Conversely, let us prove the implication $(\Leftarrow)$.
Let $\varepsilon > 0$. Then it exists $n_{0}$ s.t. \begin{align*} n > m \geq n_{0} \Rightarrow \sum_{j=m}^{n}|x_{j}| < \varepsilon/2\,\,\wedge\,\,\sum_{j=m}^{n}|y_{j}| < \varepsilon/2 \Rightarrow \sum_{j=m}^{n}|z_{j}| \leq \sum_{j=m}^{n}|x_{j}| + \sum_{j=m}^{n}|y_{j}| < \varepsilon \end{align*} which proves that $\sum_{j=0}^{\infty}|z_{j}|$ converges absolutely due to the same reason as before.
My second approach
Let us assume that $\sum_{j=0}^{\infty}|z_{j}|$ converges.

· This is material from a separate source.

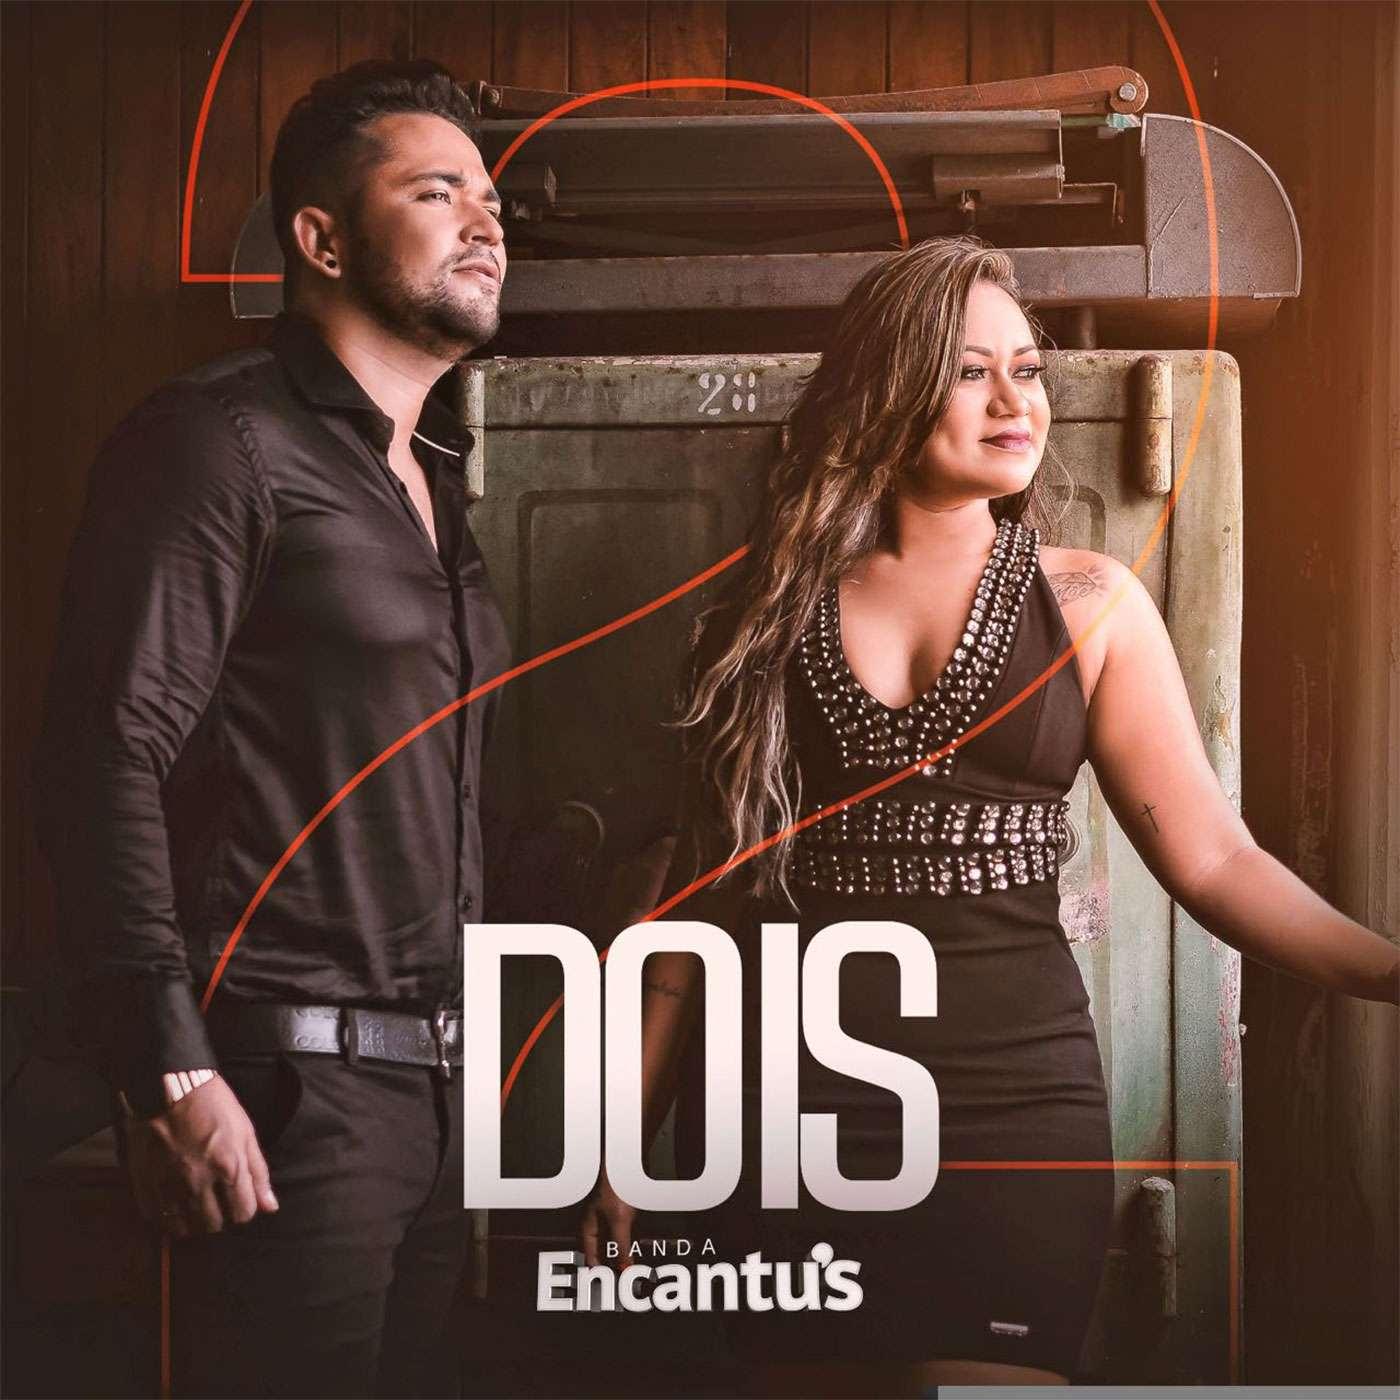 DOWNLOAD BRASILEIRO MUSICA WASHINGTON GRÁTIS KRAFTA
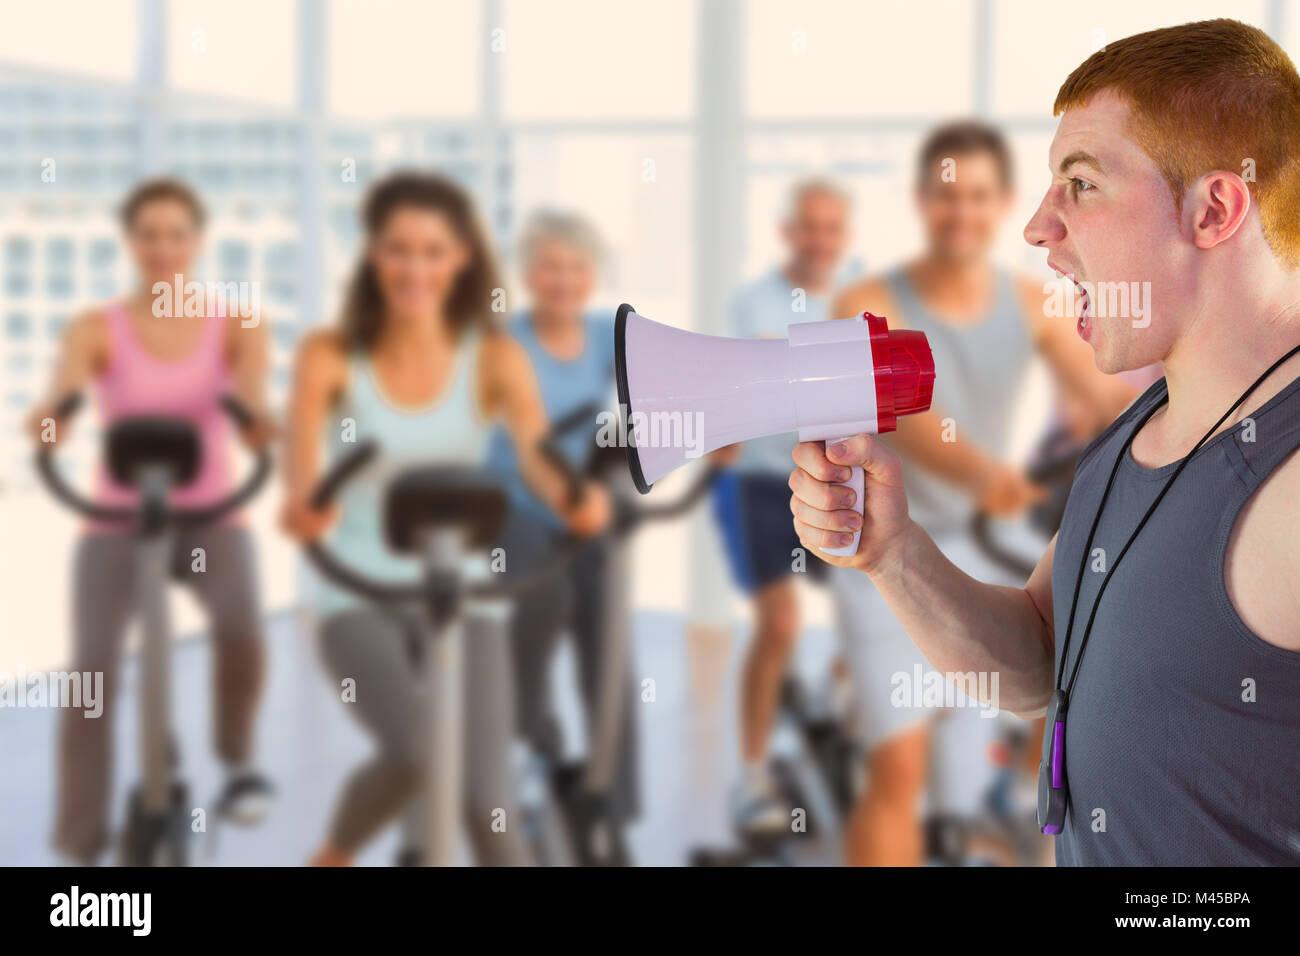 Immagine composita di angry personal trainer urla attraverso il megafono Immagini Stock

Then it is bounded. Hence the sequence $\sum_{j=0}^{n}|x_{j}|\leq \sum_{j=0}^{n}|z_{j}|\leq M$ is increasing and bounded too.
Consequently, it converges. Similar reasoning applies to $\sum_{j=0}^{n}|y_{j}|$.
The converse implication results from the same reasoning. Indeed, one has that \begin{align*} \sum_{j=0}^{n}|z_{j}| \leq \sum_{j=0}^{n}|x_{j}| + \sum_{j=0}^{n}|y_{j}| \leq M_{1} + M_{2} := M \end{align*} whence we conclude that the series $\sum_{j=0}^{\infty}z_{j}$ converges absolutely, and we are done.
Could someone please tell me if the wording of my proofs are correct?
Is there another way to prove it differently from the proposed solutions?
Any contribution is appreciated.